Whitebait saved by local heroes and social media
Reaching out through social media
The venture started when Auckland resident and enthusiast Ruby Moore took to Facebook after seeing juvenile īnanga (whitebait) struggle to reach their adult habitat in the stream. The response couldn’t have been better.
The video on Ruby’s profile showed the native fish trying but failing to drive themselves over a low weir that extends the full width of the stream. With footage of their tails flailing in the water and several of their bodies pressed against the weir, the message was clear: this school needed help, and soon.
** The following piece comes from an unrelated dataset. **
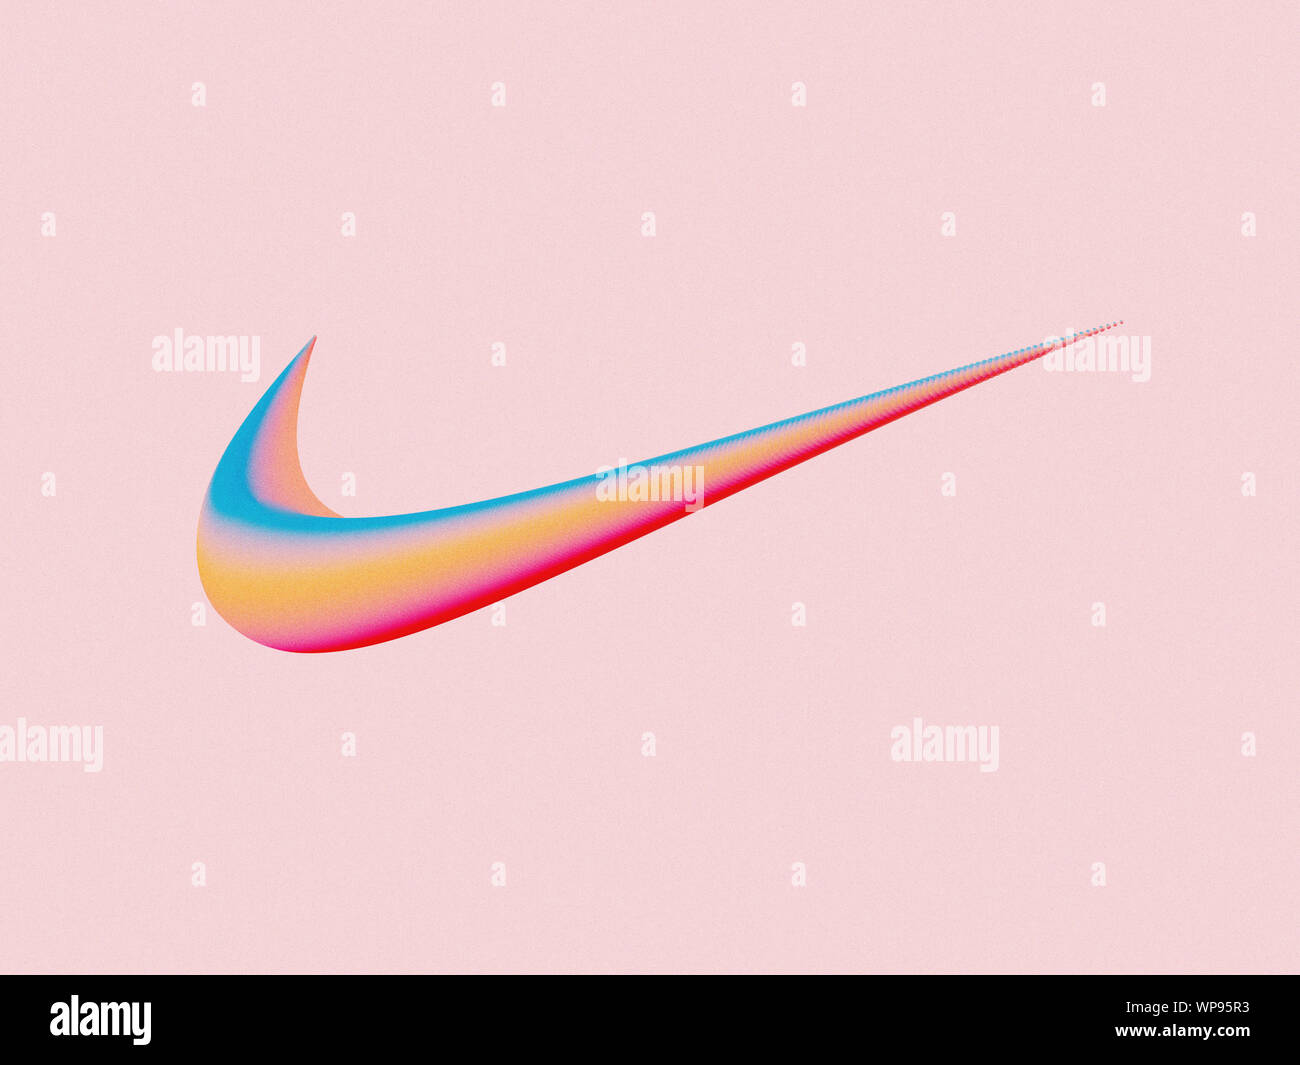 Swoosh Logo High Resolution Stock Photography and Images - Alamy

Thanks to the many shares and comments, it didn’t take long before the video reached Shane Wright of Fish Passage Solutions, who pledged to retrofit the weir with a fish ladder.
A timely intervention
Auckland Council’s biodiversity team then stepped in with a unique design that Shane used to build the fish ladder and install it in time to help the last of the whitebait run over the weir.
“It is a timely intervention for these stragglers,” says regional advisor Matt Bloxham, "because the stream’s lower reaches become ever less hospitable and oxygenated as the summer draws on."
“While there is normally greater benefit in removing redundant weirs outright, which is what Auckland Council is doing across the region, there is certain advantage from retaining and retrofitting a ladder to the Paturoa weir."
The recently discovered giant kōkopu – another whitebait species now rare in the Auckland region – are a surprising scaly addition to the īnanga success story and will also benefit from the Paturoa intervention.